Même si la demande en combustibles fossiles a été forte ces dernières années, nous observons les signes d’un changement de direction. Parallèlement au déploiement d’alternatives à faibles émissions, le rythme d’ajout de nouveaux actifs fossiles a ralenti. Les ventes de voitures et de véhicules à deux ou trois roues équipés de moteurs thermiques sont de loin inférieures à leur niveau d’avant la pandémie de Covid-19. Dans le secteur de l’électricité, l’ajout de nouvelles centrales à charbon et au gaz naturel dans le monde a été divisé par deux, au minimum, comparé aux pics de construction antérieurs.
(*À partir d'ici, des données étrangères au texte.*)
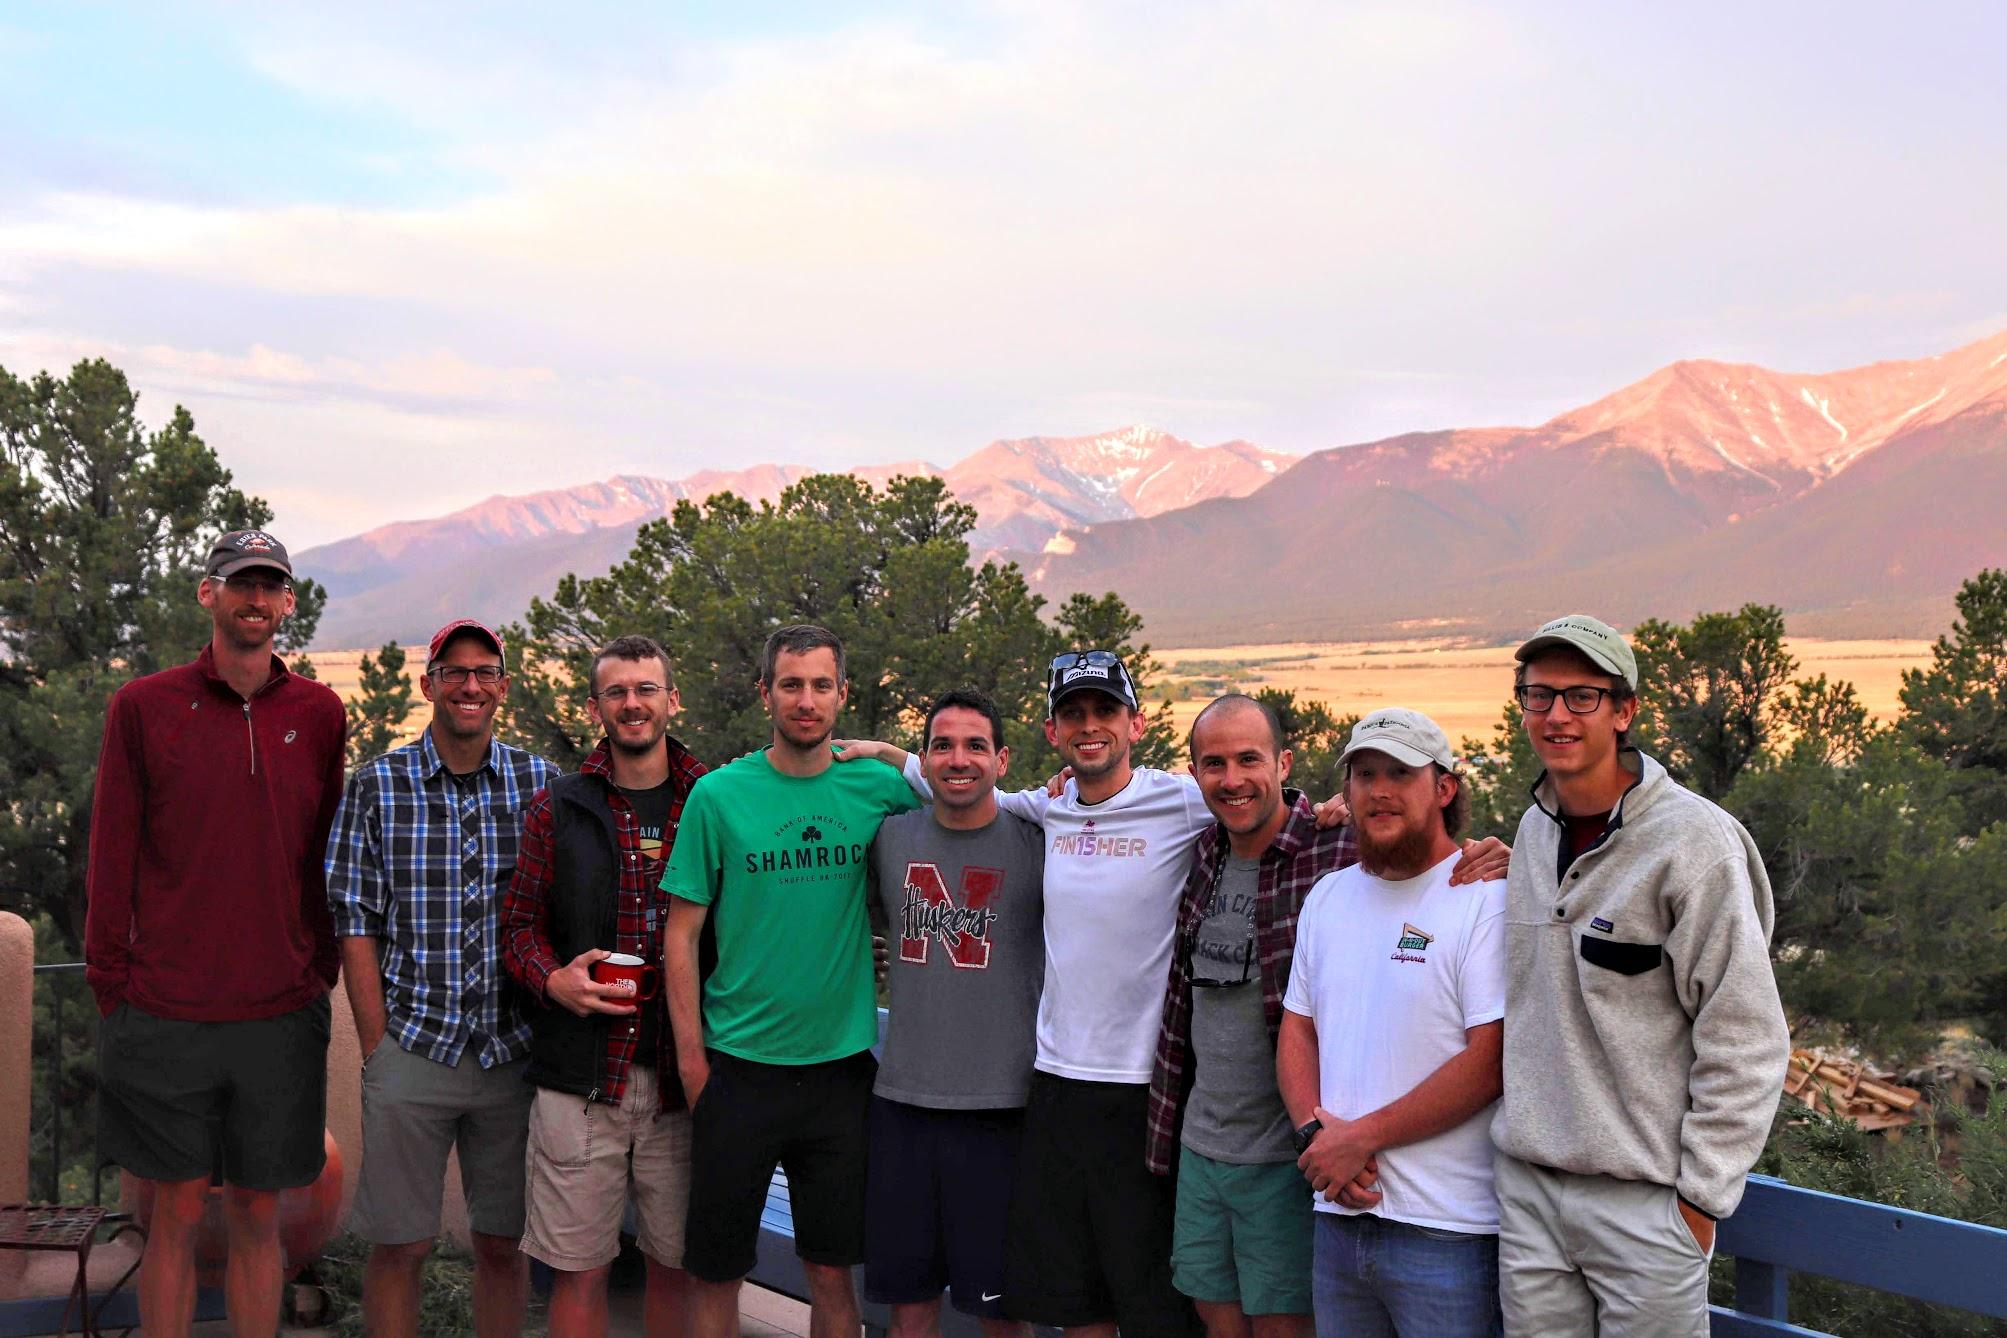 Some of the original LRC members.

Les ventes de chaudières à gaz résidentielles sont à la baisse et sont maintenant dépassées par les ventes de pompes à chaleur dans de nombreux pays européens et aux États-Unis.
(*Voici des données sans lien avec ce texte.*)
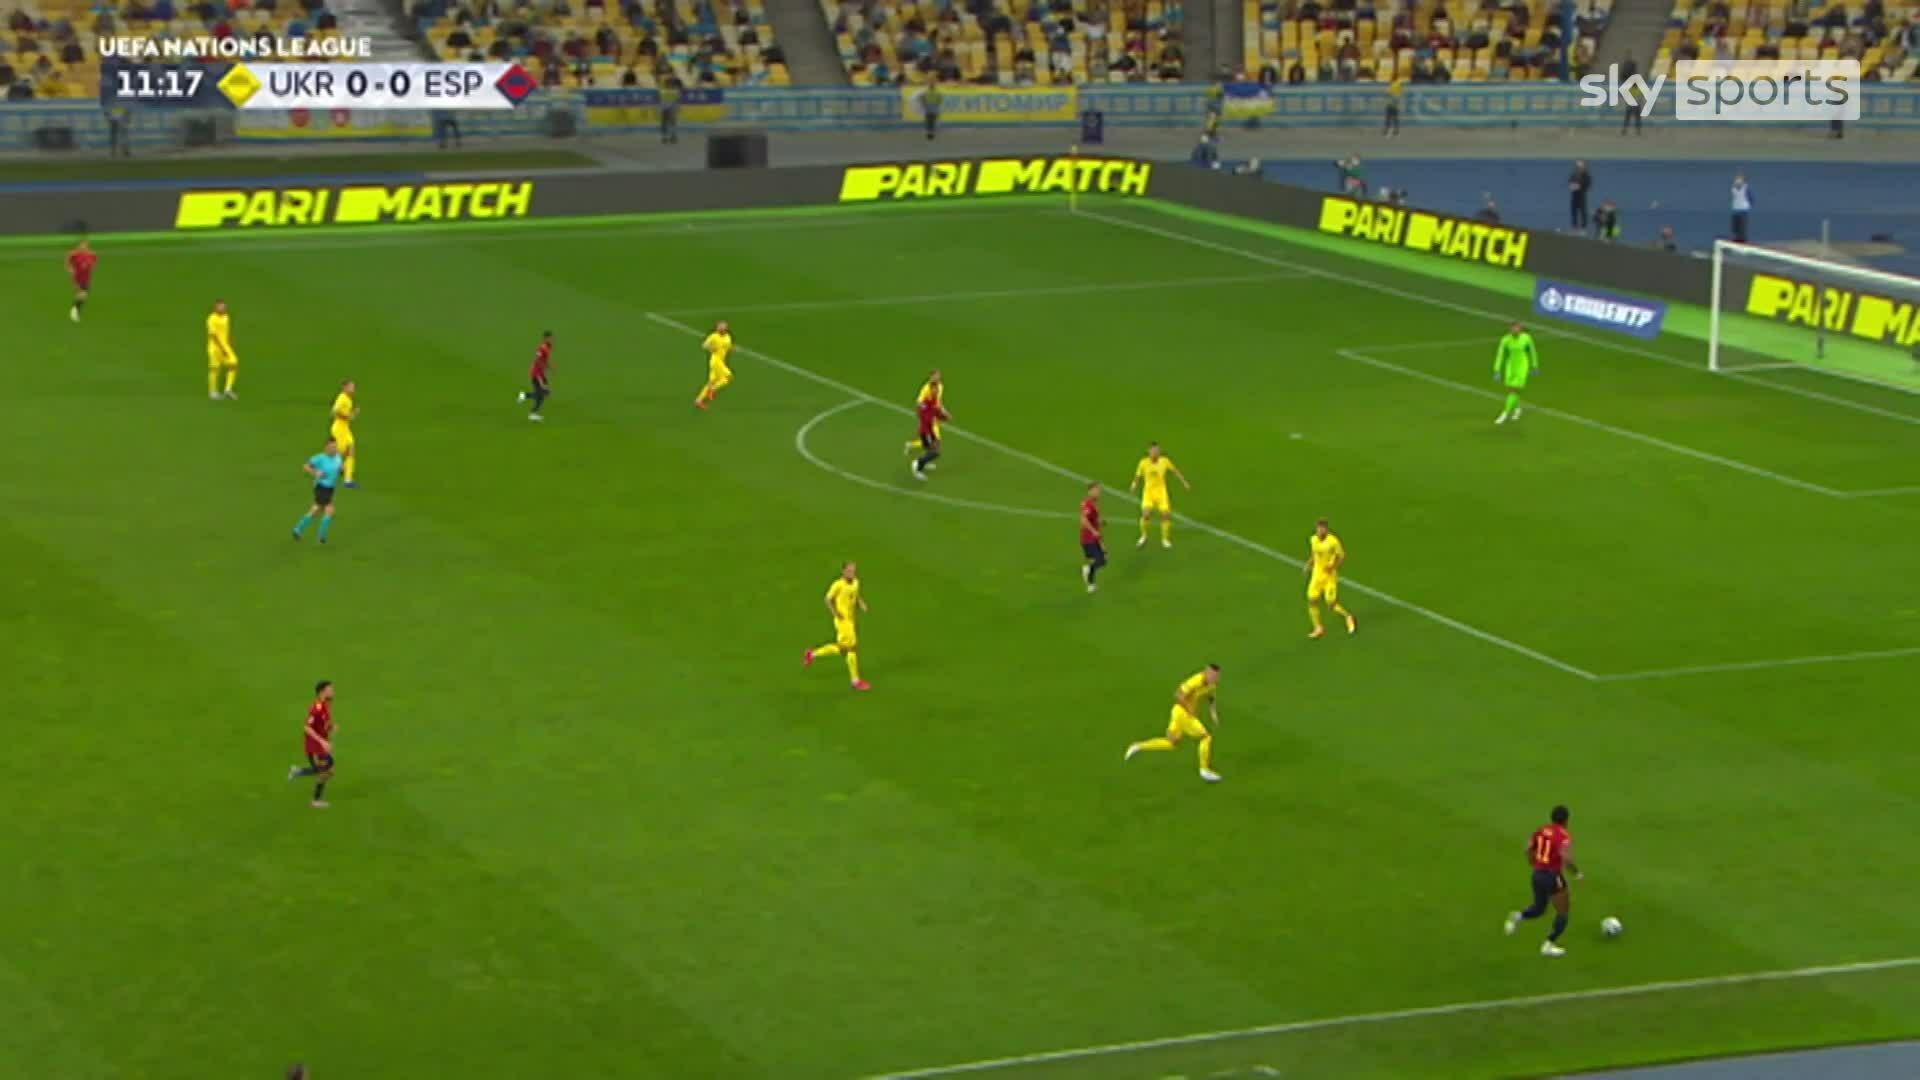 Ukraine 1-0 Tây Ban Nha

La Chine a changé le monde de l’énergie, mais la Chine change à son tour

La Chine joue un très grand rôle dans les tendances énergétiques mondiales ; cette influence évolue à mesure que son économie ralentit et se restructure, et que le recours aux énergies propres augmente. Au cours des dix dernières années, la Chine a représenté près des deux tiers de l’augmentation de la consommation mondiale de pétrole, près d’un tiers de la hausse de la consommation de gaz naturel et a été le principal acteur sur les marchés du charbon. Il est néanmoins largement reconnu, y compris par les dirigeants du pays, que l’économie chinoise atteint un point d’inflexion. Après un développement très rapide des infrastructures du pays, les possibilités de nouvelles extensions se réduisent. Le pays dispose déjà d’un réseau de trains à grande vitesse de classe internationale ; quant à la surface résidentielle par habitant, elle est désormais égale à celle du Japon, bien que le PIB par habitant soit encore bien inférieur. Cette saturation laisse entrevoir une baisse de la demande dans de nombreux secteurs énergivores comme le ciment et l’acier. La Chine fait également preuve d’un dynamisme exceptionnel dans les énergies propres, représentant près de la moitié des ajouts de solaire et d’éolien et bien plus de la moitié des ventes de véhicules électriques à l’échelle mondiale en 2022.

L’élan derrière la croissance économique de la Chine s’essouffle et une baisse supplémentaire de la demande en combustibles fossiles est possible si le ralentissement s’accentue. Dans nos scénarios, la croissance du PIB de la Chine se situe en moyenne juste sous la barre des 4 % par an jusqu’en 2030. Cela entraine un pic de sa demande énergétique totale vers le milieu de la décennie, et l’expansion robuste des énergies propres fait décliner la demande en combustibles fossiles ainsi que les émissions. Si la croissance à court terme de la Chine ralentissait d’un point de pourcentage supplémentaire, la demande en charbon en 2030 serait réduite d’une quantité presque égale au volume actuellement consommé par l’ensemble de l’Europe. En volume, les importations de pétrole diminueraient de 5 % et les importations de gaz naturel liquéfié (GNL) de plus de 20 %, avec des répercussions majeures sur les équilibres mondiaux.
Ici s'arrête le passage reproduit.